A modified menu would be tougher. You can argue that there may be copyright infringement, and that may be valid to a limited extent, but DoorDash could put up a version of the menu that wasn't copyrighted, as its heart, menus are factual arrangements, and facts are not original creative works subject to copyright (though a specific arrangement of those facts may be). In N Out could also claim that there's trademark infringement if DoorDash is using trademarked food names, but I think it'd be a harder argument to win, since DoorDash can argue it's a nominative use.

IANAL.

I can understand the factual part, but only if they didn't alter the prices. They'd have to at least mark it clearly that they're charging on top of the prices some amount.
they probably would need to strip the fluff from the menu. ie. the hot juicy blah burger with .... is just burger, ketchup, mayo, lettuce.
They don't need legal standing. They're a big company, and big companies sue people they don't like into bankruptcy. The basis of the claim only needs to look vaguely possibly meritorious for the lawsuit to be forced through the uber-expensive court circuit.

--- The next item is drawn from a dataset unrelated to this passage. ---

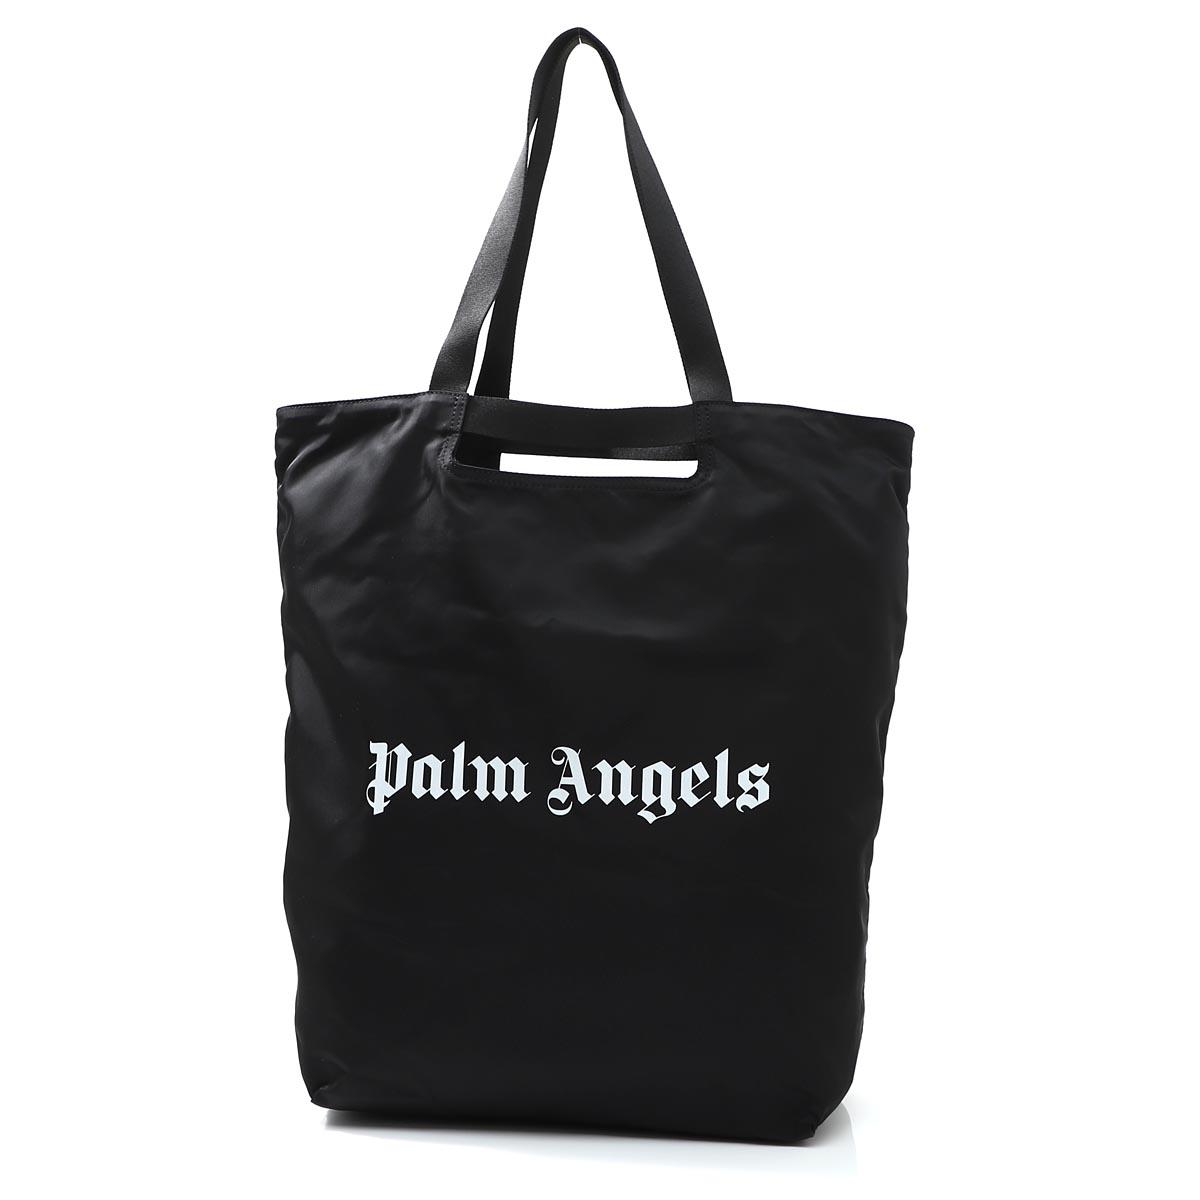 【タイムセール】PALM ANGELS パーム エンジェルス トートバッグ/PALM ANGELS SHOPPER メンズ
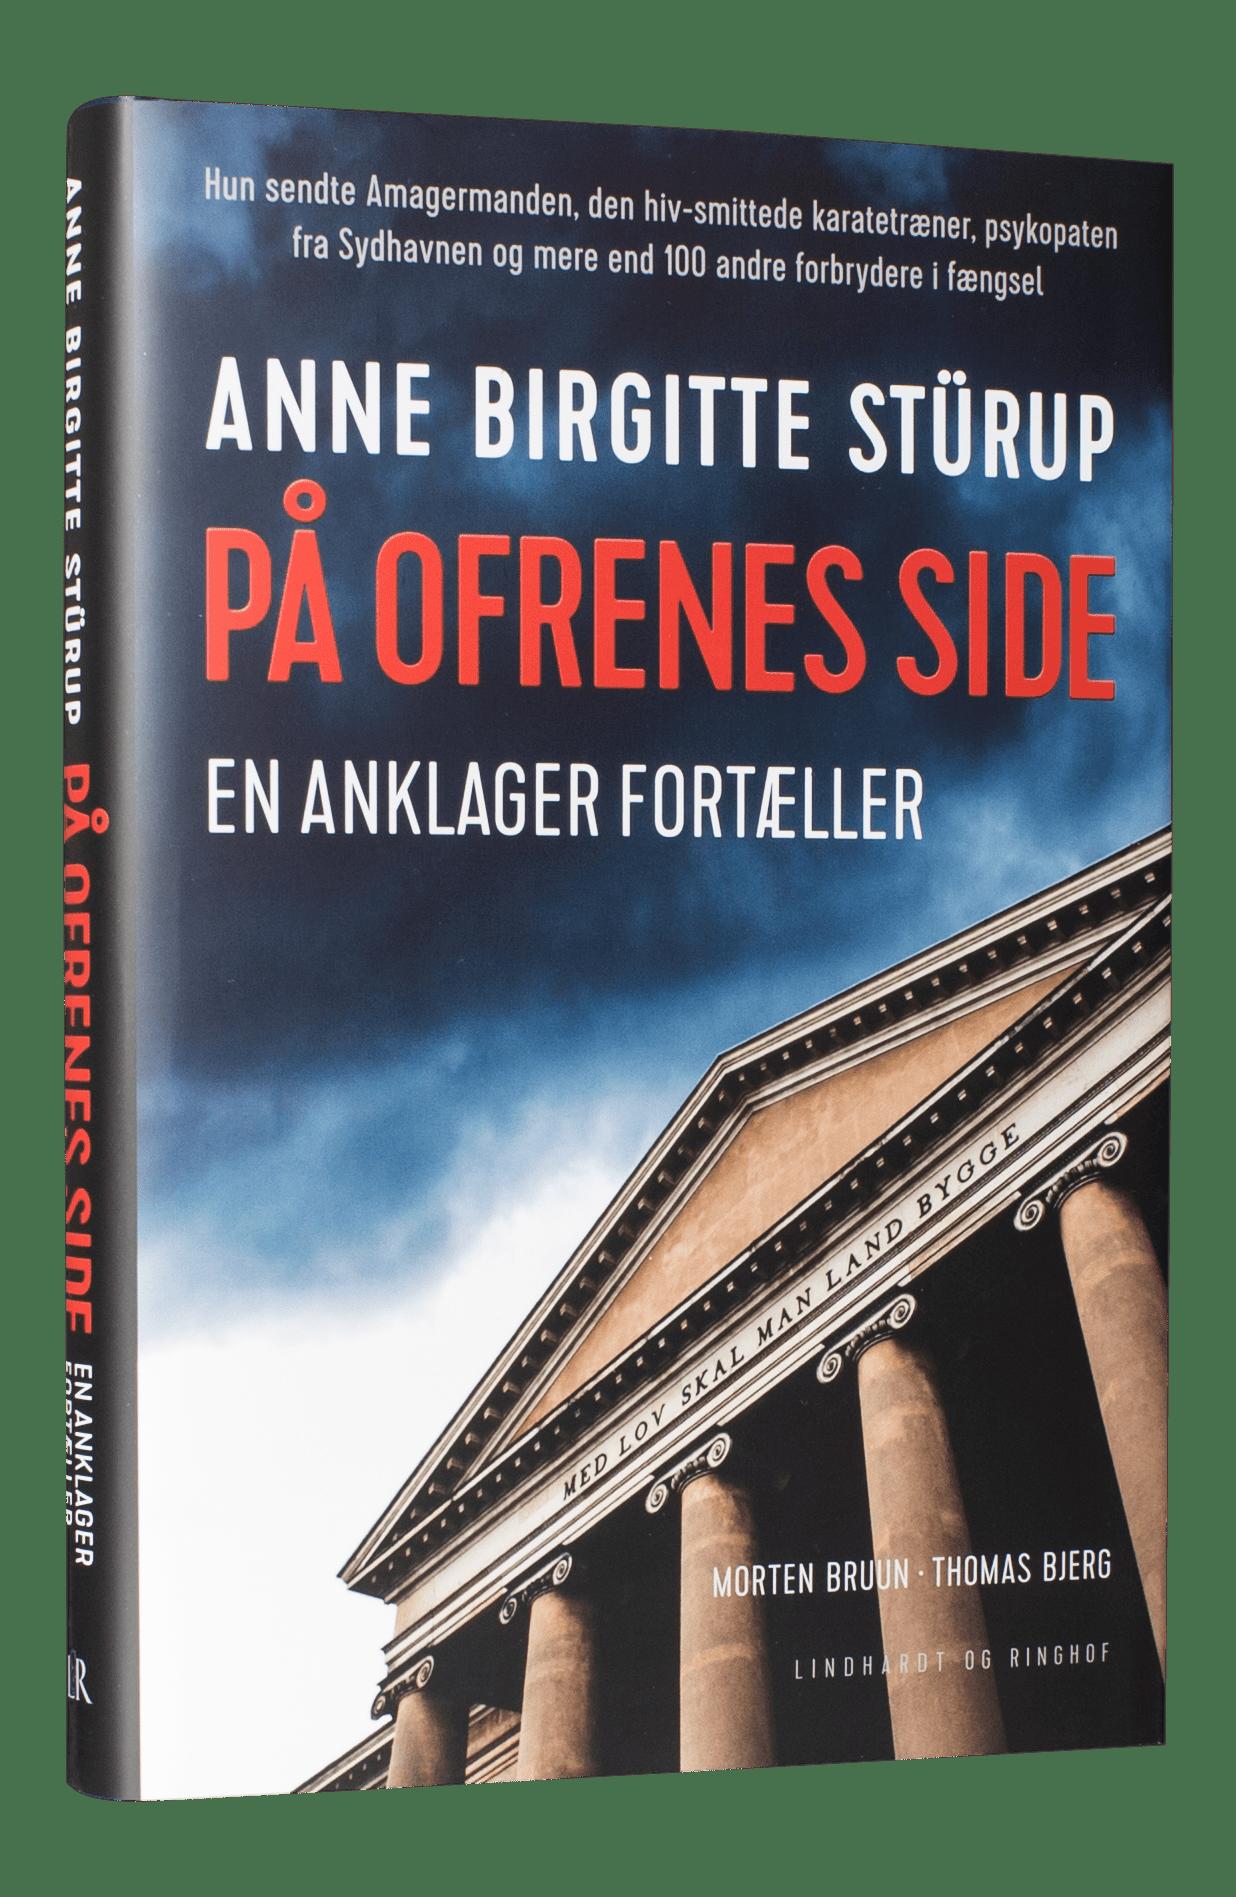 På ofrenes side, en anklagers liv, Thomas Bjerg, Anne Birgitte Stürup, Morten Bruun, true crime

Only way to avoid being sued into bankruptcy after you've pissed off someone big enough is for your company to be doing dozens of millions each year at minimum, and thus, have the resources to tolerate the associated legal fees. If you make someone mad before this happens, expect to be forced to shut down.

In-N-Out are more vulnerable to delivery delays because they serve real french fries rather than the reconstituted chemistry experiments that most fast food places have. They are delicious when they come out the window, but must be eaten immediately to avoid calamity. So even if DoorDash were doing everything right, customers would not be happy with the french fries.
"people might blame the restaurant, not DoorDash"

Hence why they should not be allowed to use In-n-Out's logo or otherwise imply there's some sort of partnership.